Peter Roff 9:06: Biden answers the first question well—except that he avoids taking any responsibility for what we now know to be the long-term screw up in Libya. Talking about Iraq is not the same as talking about Libya. And Biden, in his first answer, plays the bin Laden card. And distorts what Mitt Romney said about what he would do about Osama bin Laden.
Peter Roff 9:04: The stakes tonight are much higher for Vice President Joe Biden, who is much better known, than they are for Rep. Paul Ryan. Biden has much less room to make mistakes and his errors will be more meaningful. Ryan has more latitiude.

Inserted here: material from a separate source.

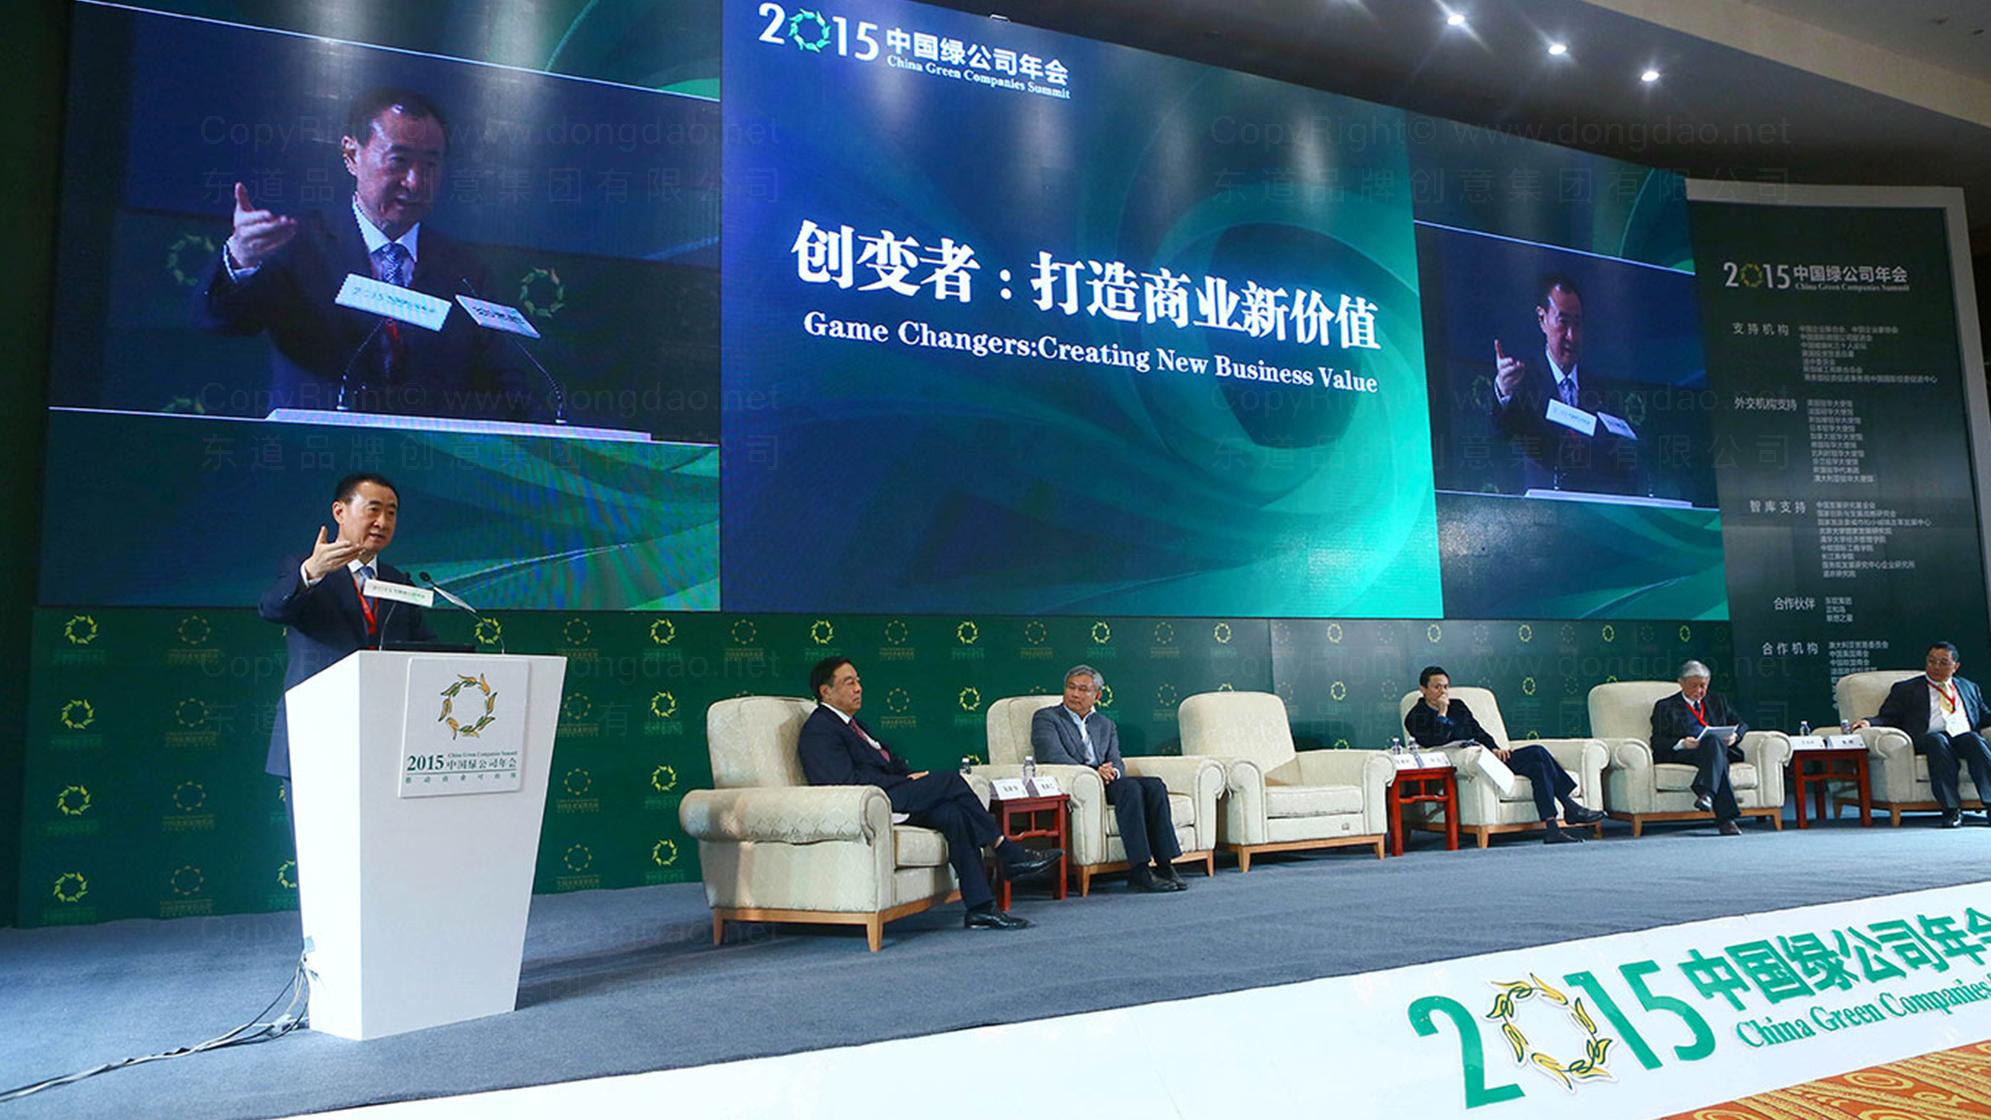 品牌设计2010中国绿公司年会LOGO设计应用场景_5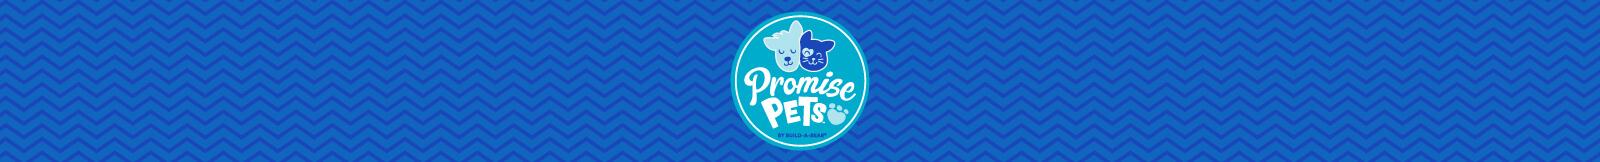 Promise Pets

Robert Schlesinger 8:56: So what are the stakes tonight? Eight days ago I'd have told you that the vice presidential debate is among the least important events in the campaign season. Perhaps the best remembered single moment, after all, was Lloyd Bentsen schooling Dan Quayle about John F. Kennedy. But Bentsen went back to the Senate while Quayle moved into the Naval Observatory.
But eight days ago I'd have also told you (and did) that presidential debates rarely matter. I was right on the history but 2012 seems intent on going its own way.
Nevertheless, since it took a pair of remarkable presidential debate performances to shake up the race—Mitt Romney's deft, if mendacious A-game and Barack Obama's somnambulant flop—I'm not sure what Joe Biden and Paul Ryan would have to do tonight to make a serious mark in the race. But that, like they say in sports, is why they play the game.